СИРЬЕ села в трамвай у кинотеатра «Форум», ей не хотелось плестись пешком по давно надоевшему маршруту от института до дома: мимо универмага, по кишащей людьми улице Виру, через подземный переход к Балтийскому вокзалу… В трамвае было тепло. Радиаторы под сиденьями согревали ноги. Сирье села к окну; как волна набегал и спадал людской поток — одни входили, другие выходили, а ее место было похоже на тихую заводь в излучине большой реки. Рядом с ней уселся грузный мужчина с багровым лицом и тоненькой папкой в руках. На голове у него была маленькая тирольская шляпа; напротив него устроилась полная хмурая женщина с обвисшими бледными щеками, в ядовито-зеленом платке. Они как бы образовали защитную дамбу перед ее заводью. Сирье было жаль разрушать эту дамбу, и когда подошла ее остановка — Балтийский вокзал, — она поехала дальше. Ведь она может сойти и на любой другой остановке и поехать назад: не все ли равно, вернется она домой со стороны Ласнамяэ или со стороны Копли, важно лишь то, что в любом случае ей приходится возвращаться назад.
Остановки сменялись быстро. Как-то незаметно разрушилась и дамба перед ней; вагон опустел и, наконец, пустой и неуютный, обогнув небольшую, засаженную елями лужайку, снова начал постепенно наполняться людьми.
День был сумрачный; становилось все темнее. В окна хлестал дождь пополам со снегом. Снова проплыли мимо облетевшие каштаны, небольшая грязно-розовая булочная, затем перед глазами побежал серый дощатый забор. Он все бежал, бежал…
— Долго он будет здесь стоять? — услышала Сирье за собой ворчливый голос.
Только теперь она заметила: забор не кончается потому, что трамвай стоит у железнодорожного переезда. Через некоторое время проехал пыхтящий паровоз. В его иссиня-черном боку виднелся проем, из которого выглядывала розовая физиономия машиниста. Затем опять поплыли дома, заборы, деревья. У Балтийского вокзала возникла сутолока — здесь сменялись почти все пассажиры вагона. Сирье тоже чуть было не сошла, но тут вспомнила, что непременно должна повидать подругу, которая работает в обувном магазине на улице Виру. Она поехала дальше, и ей вдруг стало казаться, что трамвай тянется от остановки к остановке нестерпимо медленно.

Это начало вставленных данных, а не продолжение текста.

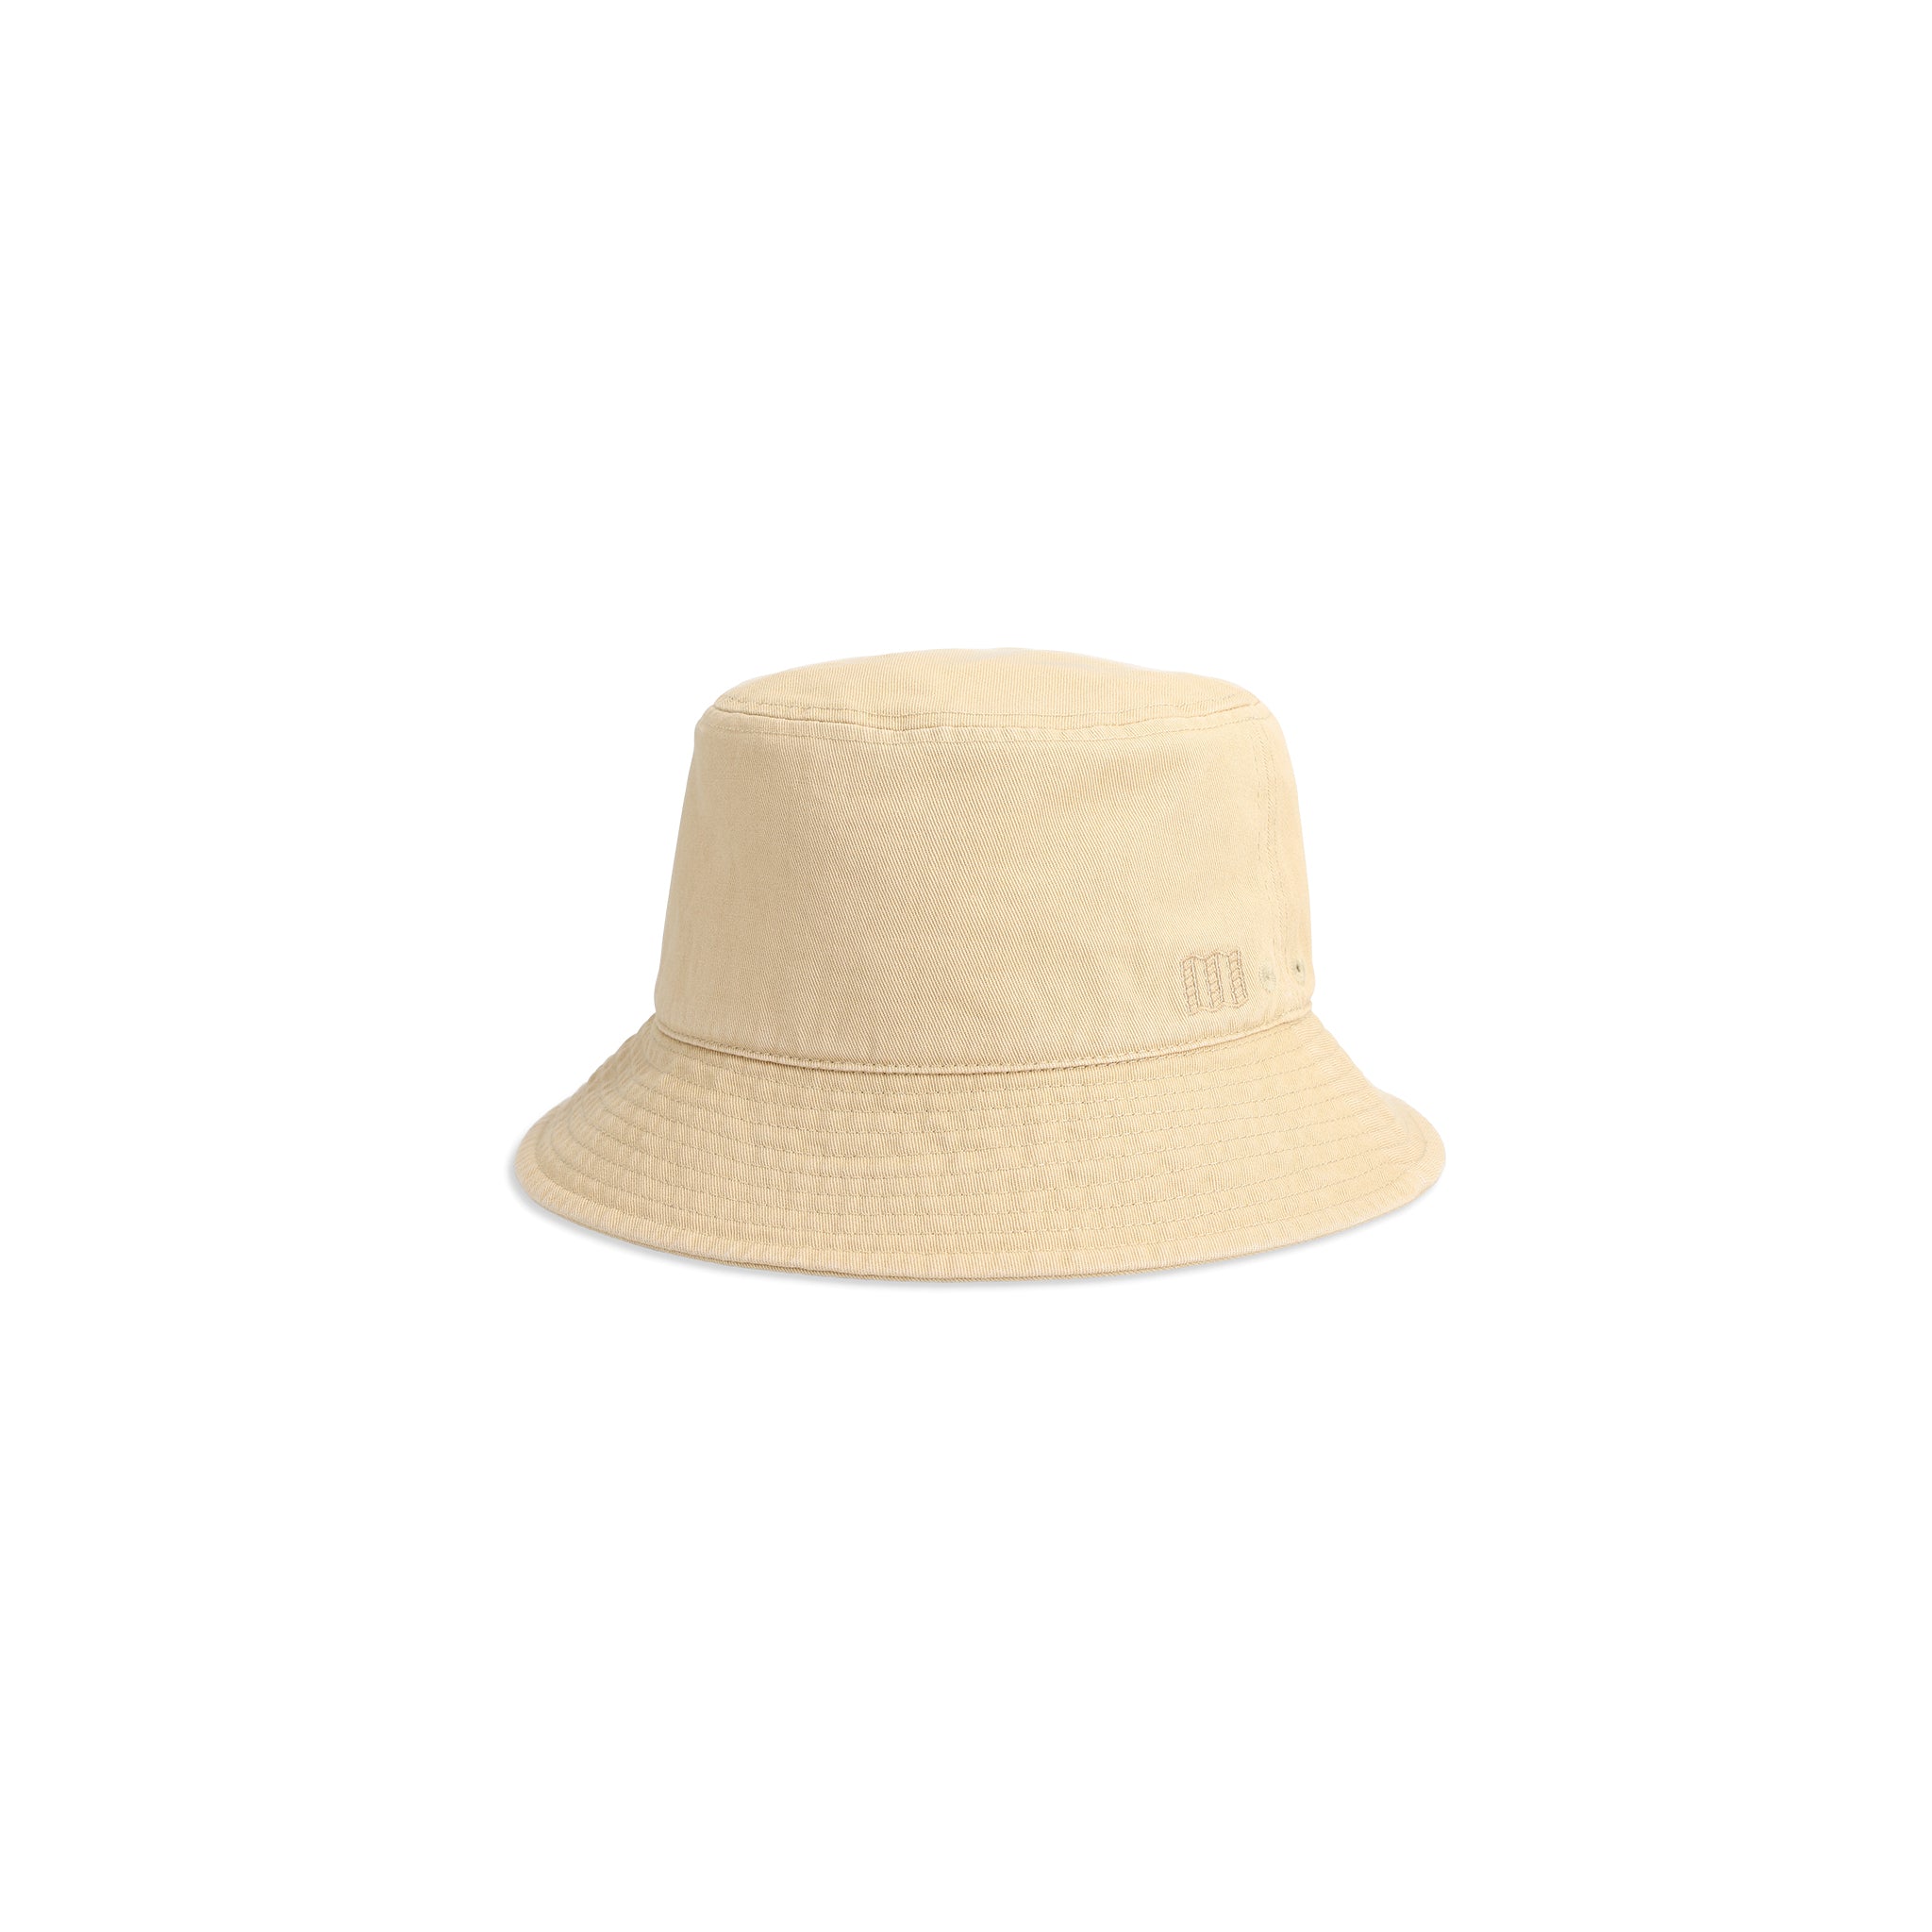 Front View of Topo Designs Dirt Bucket Hat in "Sahara"

Сирье быстро пошла по улице Виру. Мокрый снег залеплял глаза. Люди обгоняли ее, неслись навстречу; весело было мчаться прямо на них, а затем, в последнюю секунду, уклоняться в сторону, лавировать, подобно велосипедисту среди огромных самосвалов. Вишневое пальто, как плащ тореадора, металось из стороны в сторону, время от времени исчезая в дверях магазинов — старые покосившиеся каменные дома стояли здесь, тесно прижавшись друг к другу, в каждом из них на первом этаже был магазин, откуда на улицу струилось тепло — людской поток не давал дверям закрываться.